### TASK DATA
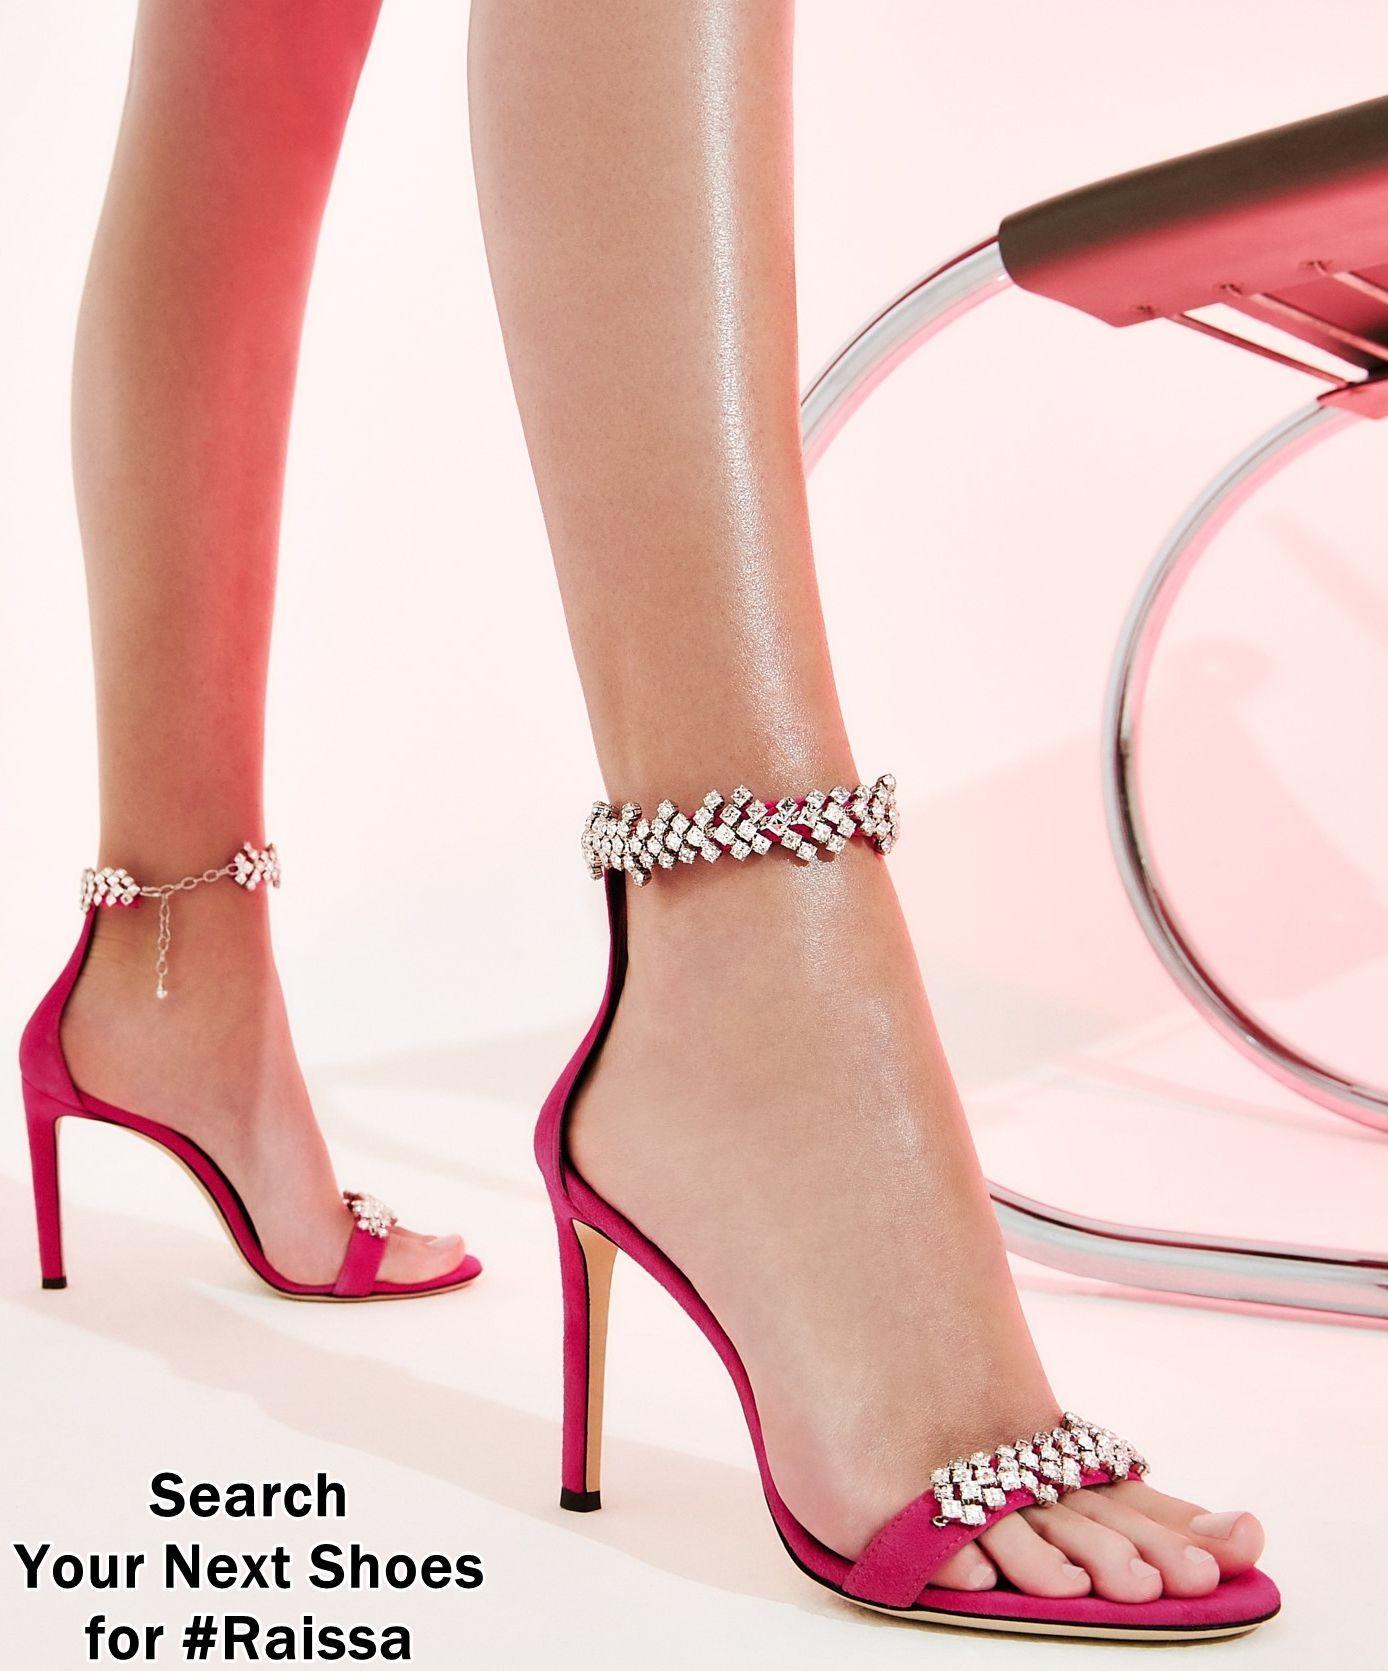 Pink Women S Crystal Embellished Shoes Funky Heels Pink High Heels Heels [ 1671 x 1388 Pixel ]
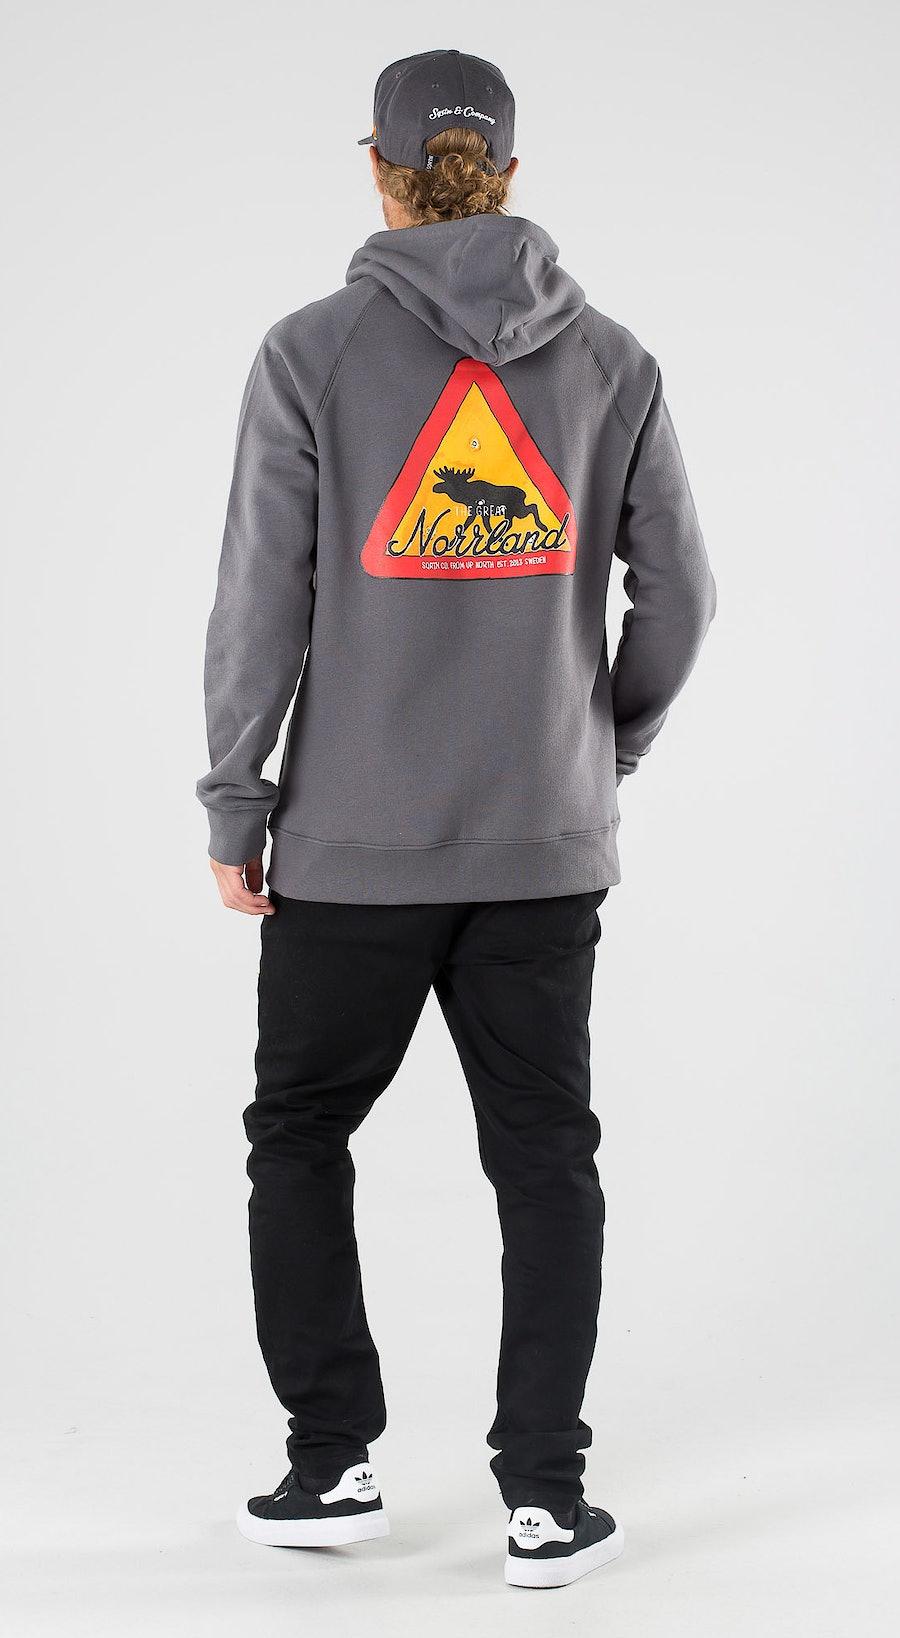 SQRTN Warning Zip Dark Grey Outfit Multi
######
### TASK DATA
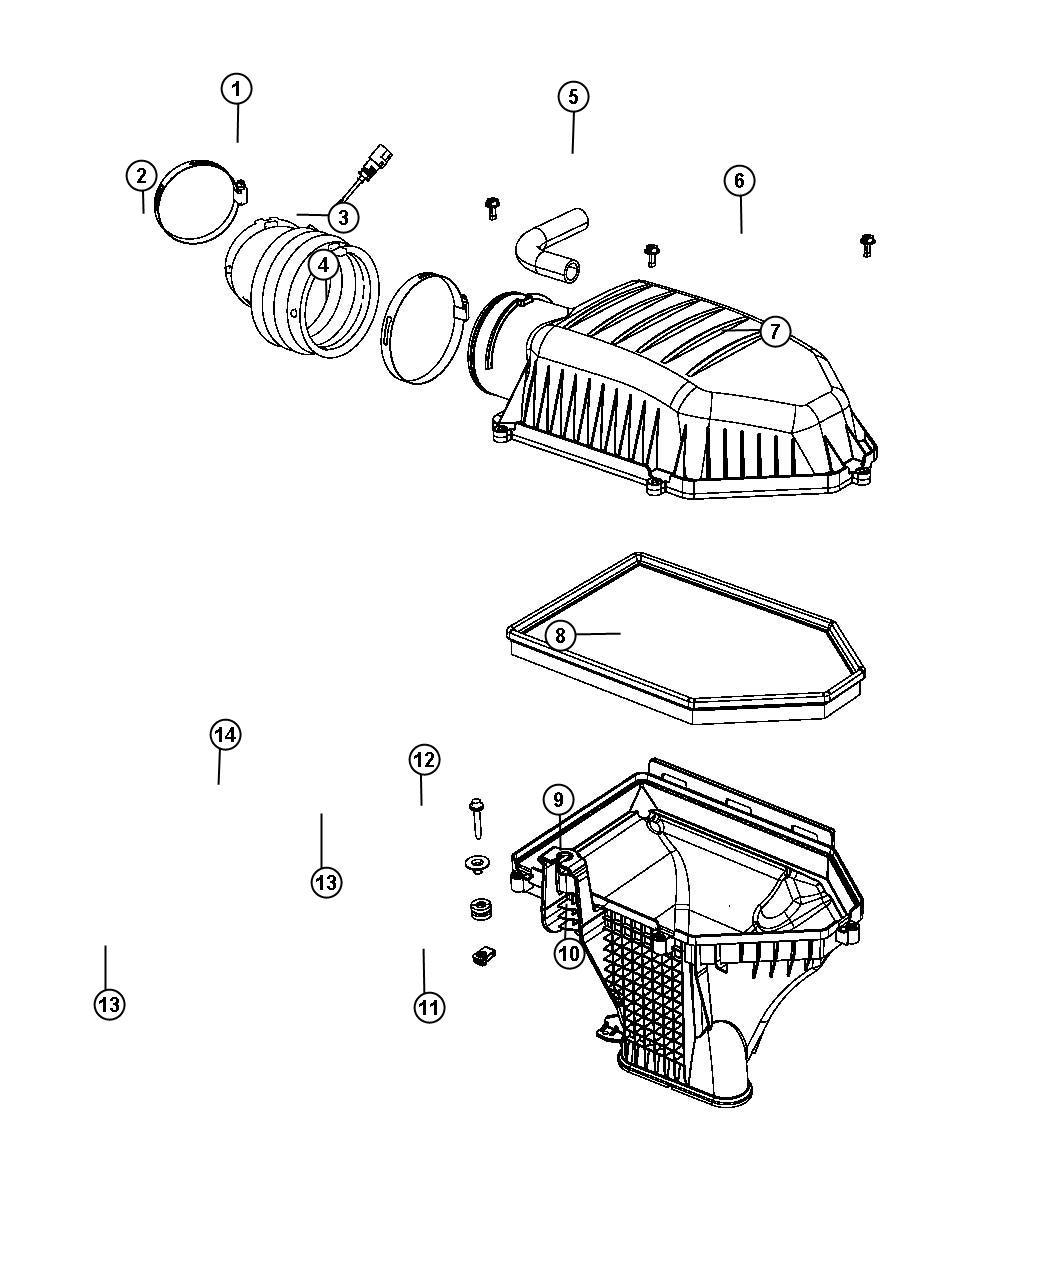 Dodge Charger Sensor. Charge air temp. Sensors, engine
######
### TASK DATA
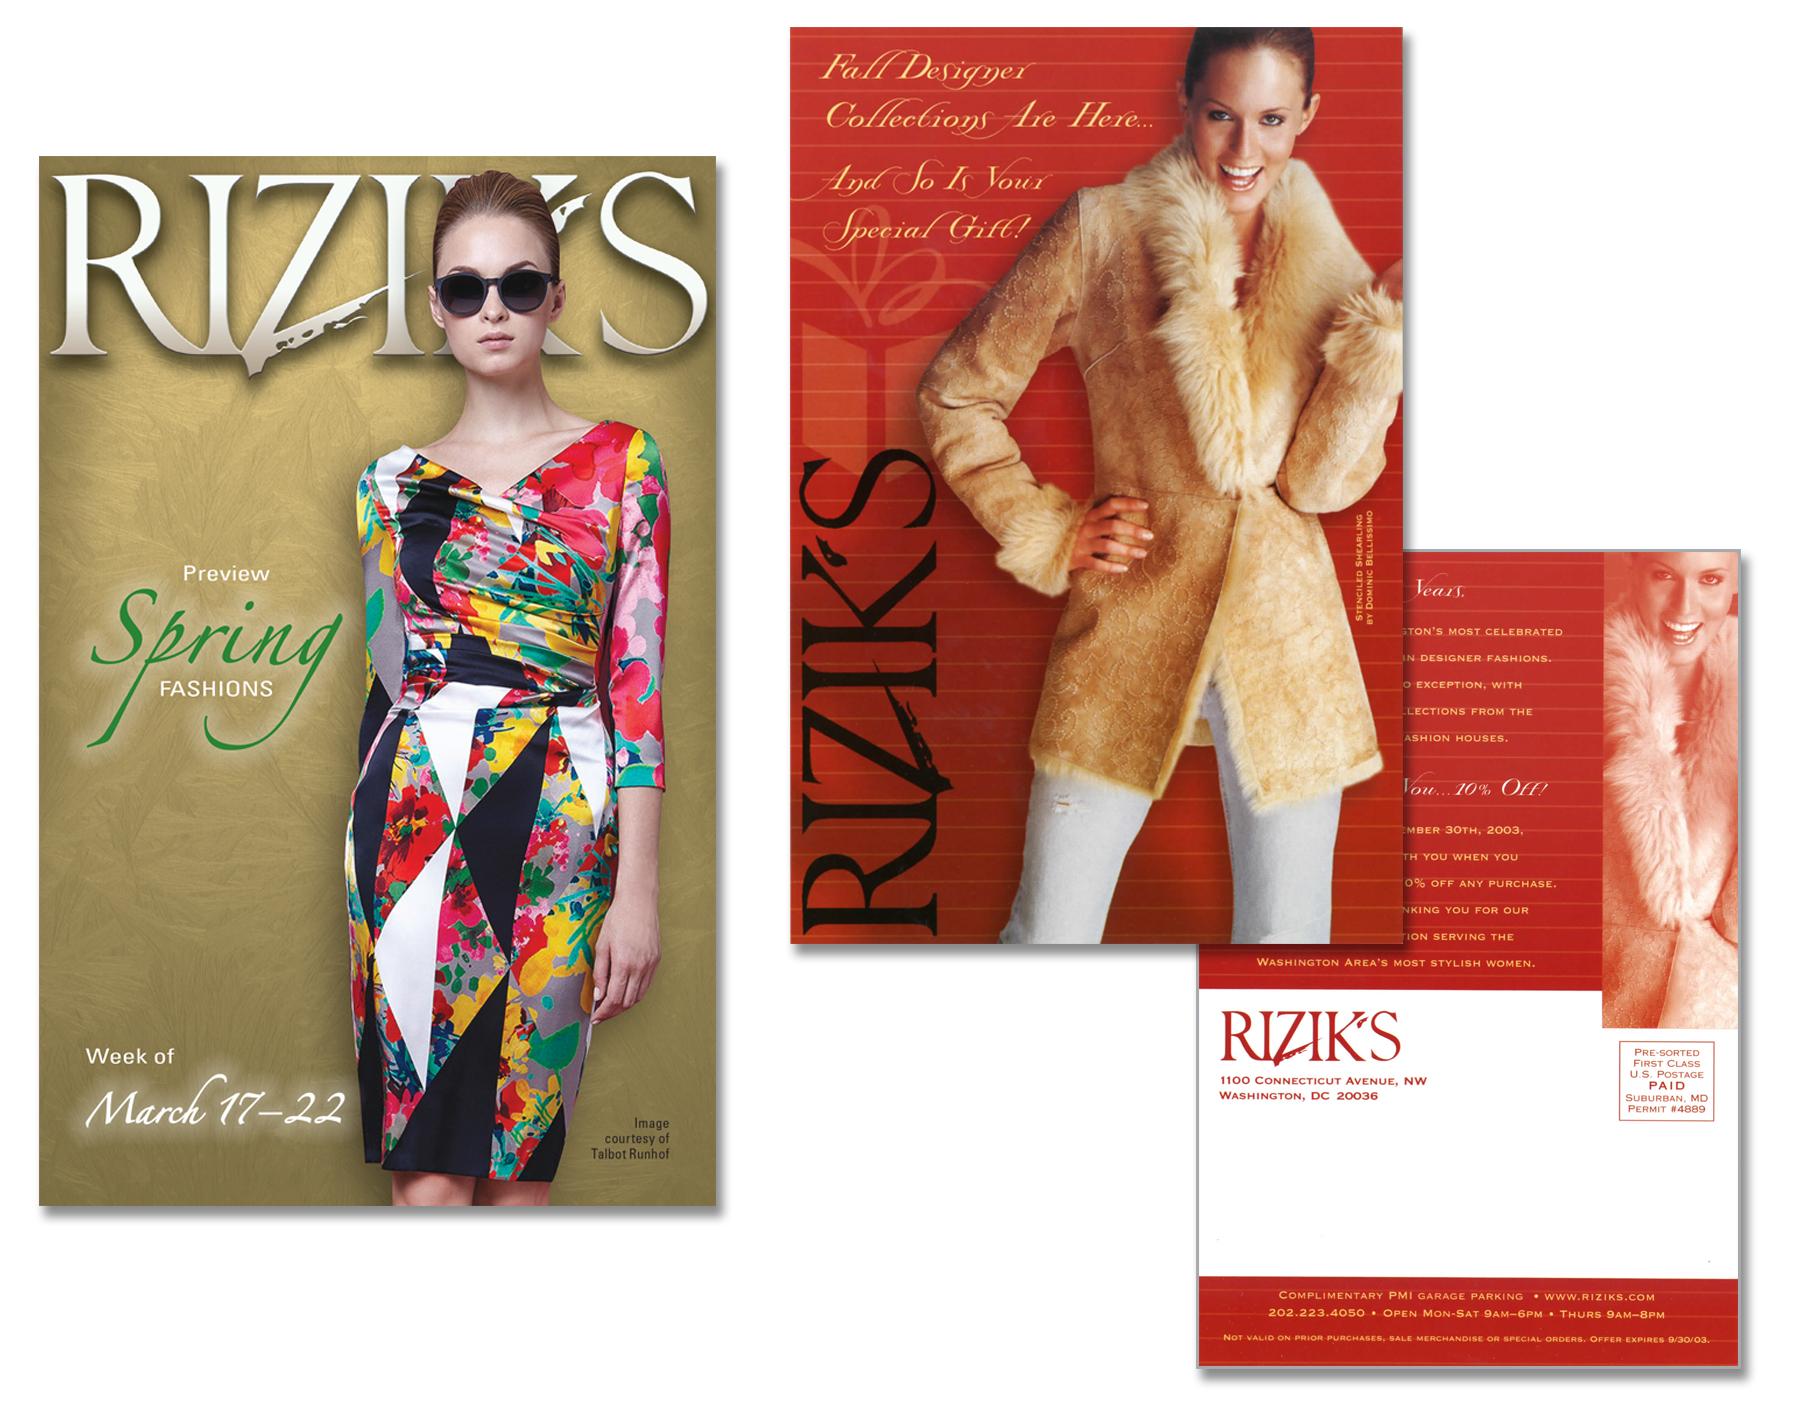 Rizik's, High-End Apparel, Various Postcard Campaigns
######
YOUR GOAL:
The copy should hold only the lines from the one with "Pink Women S" through the one with "SQRTN Warning Zip Dark Grey Outfit Multi", exactly as they stand above. Leave out the pictures.

OUTPUT OF THE EXERCISE:
 Pink Women S Crystal Embellished Shoes Funky Heels Pink High Heels Heels [ 1671 x 1388 Pixel ]
 SQRTN Warning Zip Dark Grey Outfit Multi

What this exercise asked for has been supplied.